Hahahaha so I got home not to long ago .. and was going to write a new post:
WHY MY 2011 (1 month old) car sunroof did not open today after seating in sun and mid 80's temps for few hours?
And here I am trying to read the entire thread.. and gave up on page 10
So, here I am with car which was build August 2010 and is listed as 2011, bought it brand new month ago now.. and it only has 1300 miles and my sunroof would not open, till I pushed the rear part of the front sunroof..
I am still not sure what cause it.. well, it has to be the heat cause it has never happened before and this is the first heat I have this car in..
I am not going to call dealer yet.. (2 hrs away).. cause I do not want waste gas for driving there if this is something silly ie: sticky rubber..
BE AWARE: 2011 models STILL HAVE THAT PROBLEM !!!!
WHY MY 2011 (1 month old) car sunroof did not open today after seating in sun and mid 80's temps for few hours?
And here I am trying to read the entire thread.. and gave up on page 10
So, here I am with car which was build August 2010 and is listed as 2011, bought it brand new month ago now.. and it only has 1300 miles and my sunroof would not open, till I pushed the rear part of the front sunroof..

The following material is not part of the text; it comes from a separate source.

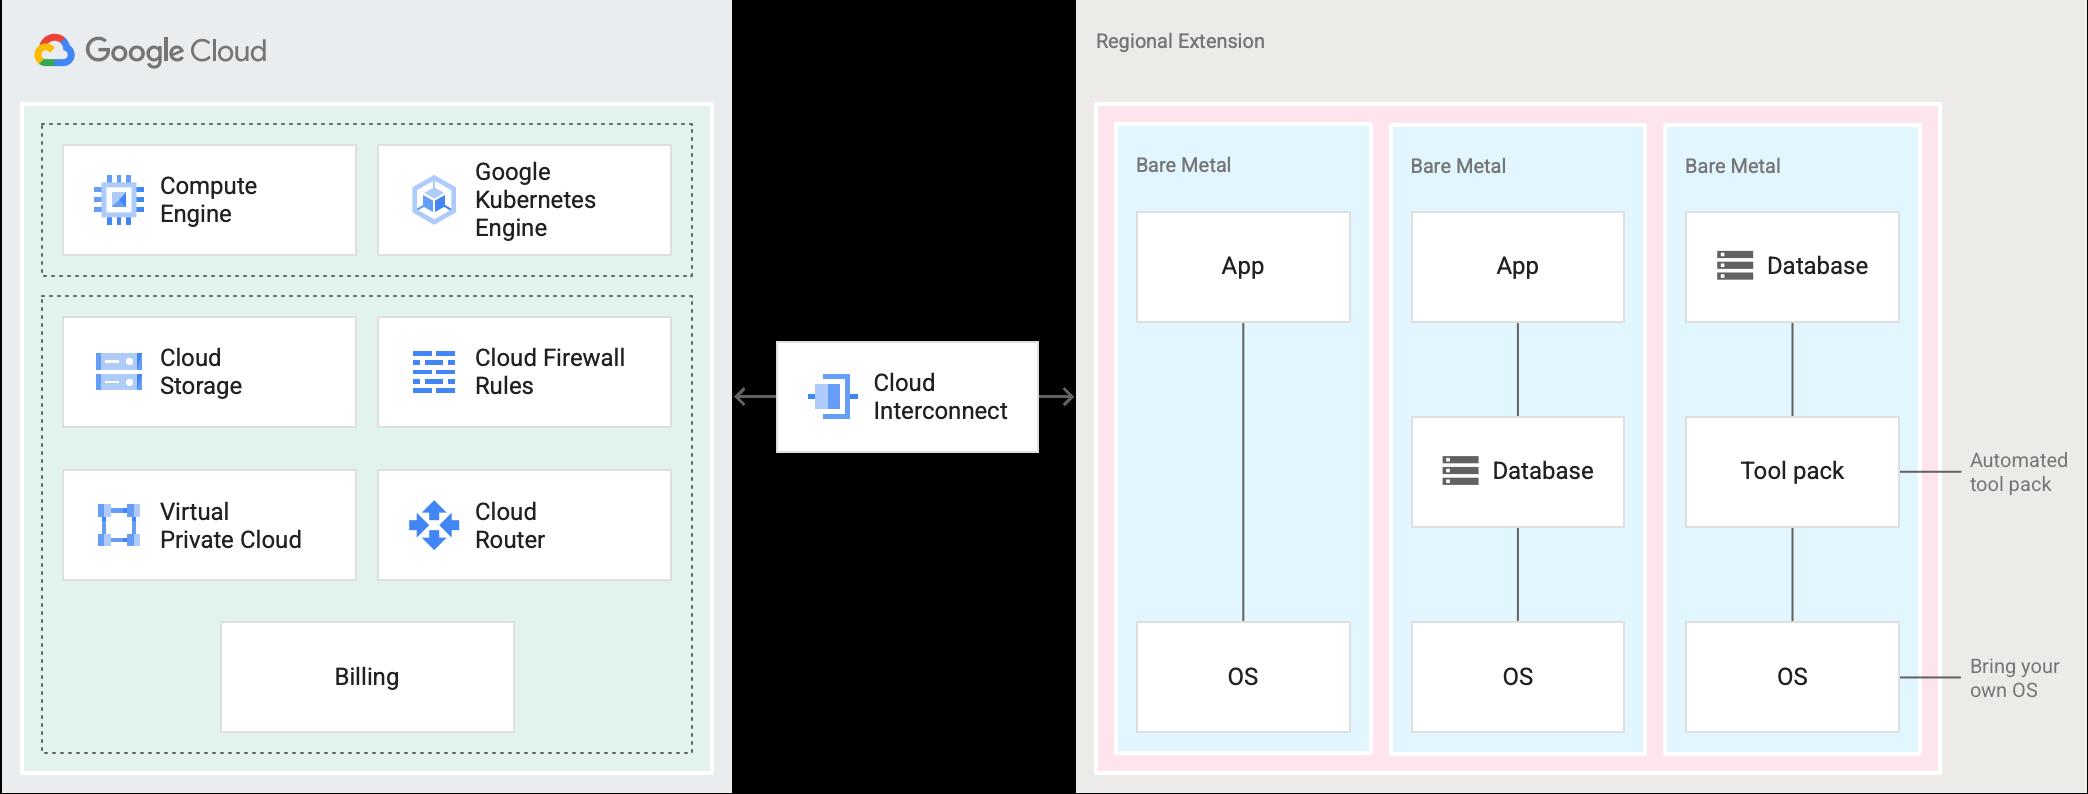 Los servidores físicos se muestran en una extensión regional que se ubica junto a un centro de datos de GoogleCloud.
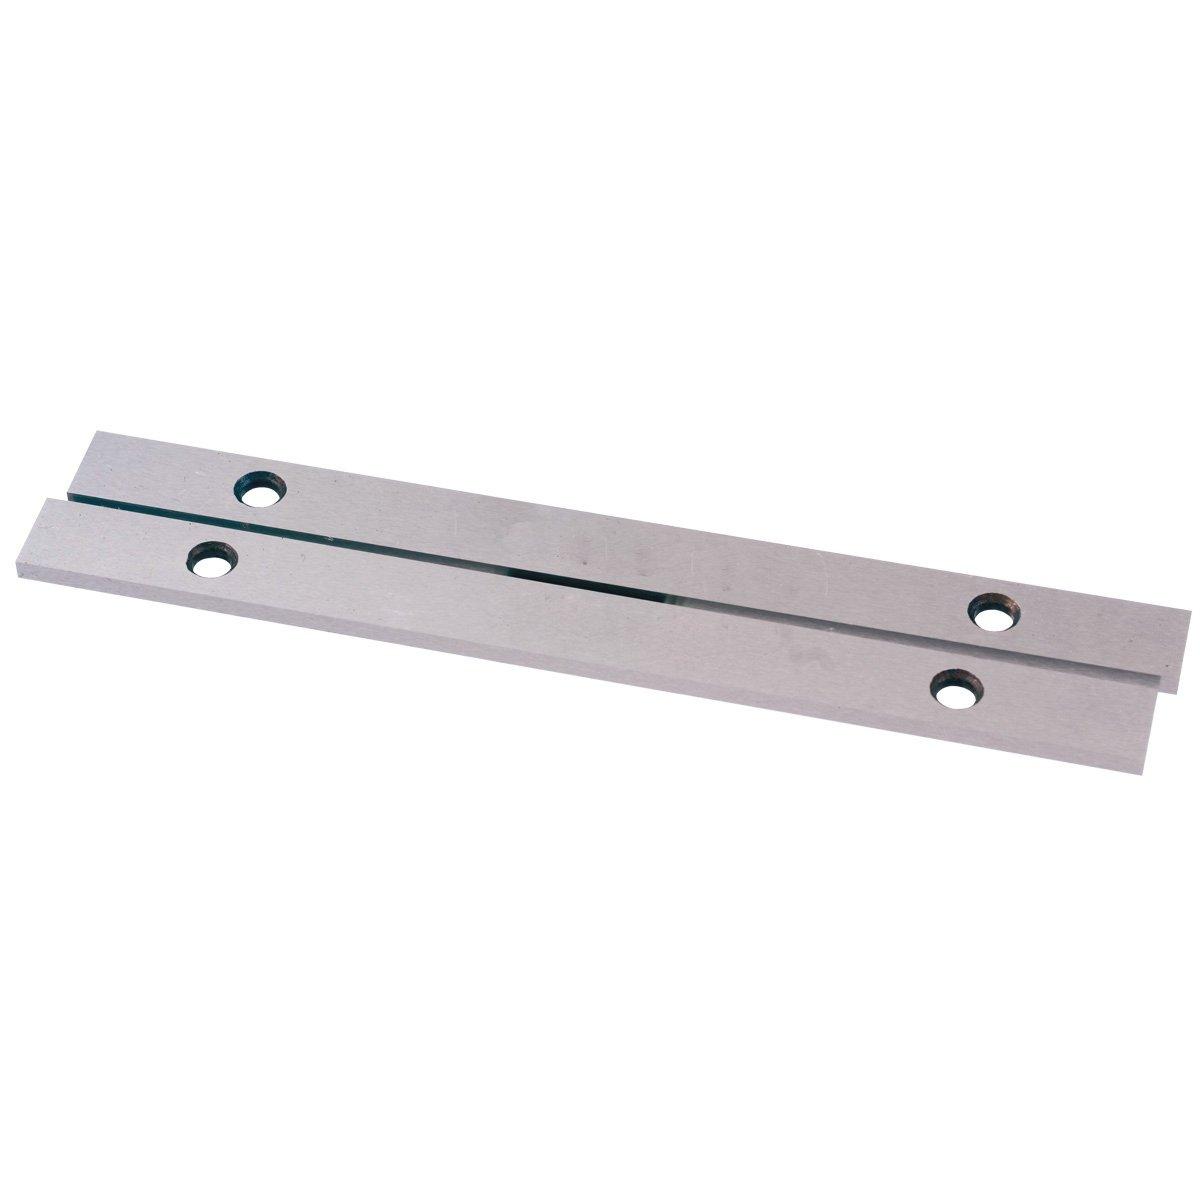 1//4 x 1//2 x 6 Steel Parallel

I am still not sure what cause it.. well, it has to be the heat cause it has never happened before and this is the first heat I have this car in..
I am not going to call dealer yet.. (2 hrs away).. cause I do not want waste gas for driving there if this is something silly ie: sticky rubber..
BE AWARE: 2011 models STILL HAVE THAT PROBLEM !!!!
This is happening to me now on my newly purchased 2008 R55. It happened the day I test drove it, and I thought you couldn't open the sunroof with the shades closed. I open the shades, and after a couple tries of flicking the switch, it opened. So I thought that was the issue. Until last night I took my wife out for dinner and the roof wouldn't open. It would try for a second (lift up to tilt), then close back up. So finding this thread has helped me identify it is a "common" issue. So I will be making a service trip into the dealer for this. Does anyone have any suggestions as to how I should approach this to the dealer? I am under warranty so this should be 100% covered right? I didn't read all 24 pages of this thread, but what is the common dealer service fix for this? I read everything from a little bit of lube to a complete sunroof replacement. What is the general consensus as to the fix for this?
Thanks
-z
Thanks
-z
sunroof wont open 2008
I have a 2008 and it has been happening since I bought my car. I had it checked a couple of times under warranty. I now have 57000 miles and it is out of warranty. I paid the dealer 30 dollars for a check out. That afternoon it happened again. I took it back to the dealer and they reset the computer for the sunroof. It happened again. I told them I wasn't going to pay for it again. I'm now going to wait until my next service so I had the service guy put in my record. It's basically just an aggravation. I still love my baby.
Thank you so much for the TSB! I just began experiencing this issue today on my lunch break (it's 90+ degrees out).
sticking sunroof fix and warranty issue in Canada
Thanks for posting the TSB and I advice any other Canadians having the issue (within the warranty period) to try the same tack if they experience a dealer wanting to charge for the adjustment.